He was on the gold medal-winning Irish team at the 2017 European Championships with Hector van d'Abdijhoeve, despite a fall during the competition. Allen won the 5* Grand Prix in St. Gallen on Hector van d'Abdijhoeve, in addition to 5* wins in Doha, Mexico City, Hamburg, Helsinki, Olympia London Olympia and at the Dutch Masters. In 2018, he rode for the Global Champions League team Valkenswaard United, placing second in the league playoffs.
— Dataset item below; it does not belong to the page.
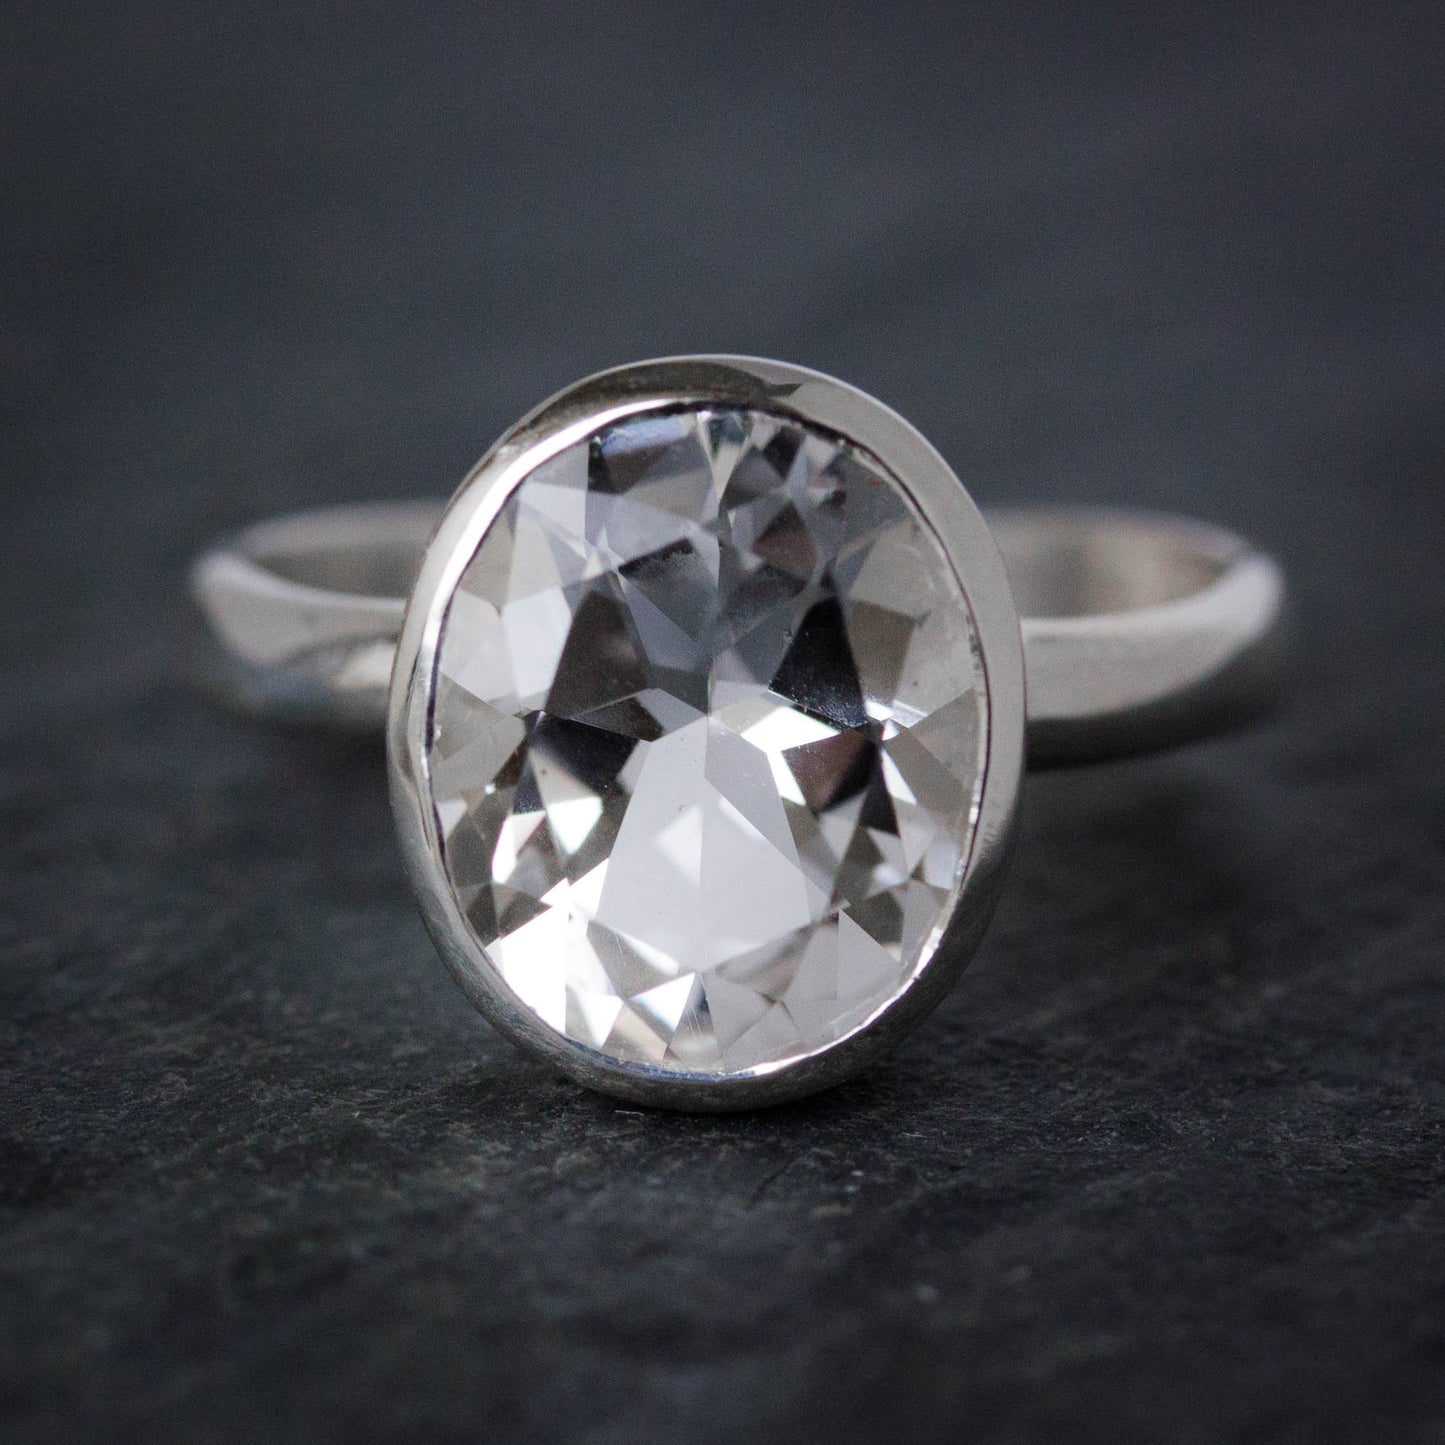 An eco-friendly Size 6.5 Handcrafted White Topaz ring, Oval Ring in Sterling Silver, Recycled Silver, with black surface showcasing the gemstone.

Allen purchased Harley vd Bisschop (a stallion formerly ridden by Nicola Philippaerts) in October of that year, selling Hector van d'Abdijhoeve ro Denis Lynch in January 2019. He and GK Caspar won the World Cup Qualifier at the Royal Agricultural Winter Fair in Toronto, and had several wins in 2020 before the season was halted due to the COVID-19 pandemic.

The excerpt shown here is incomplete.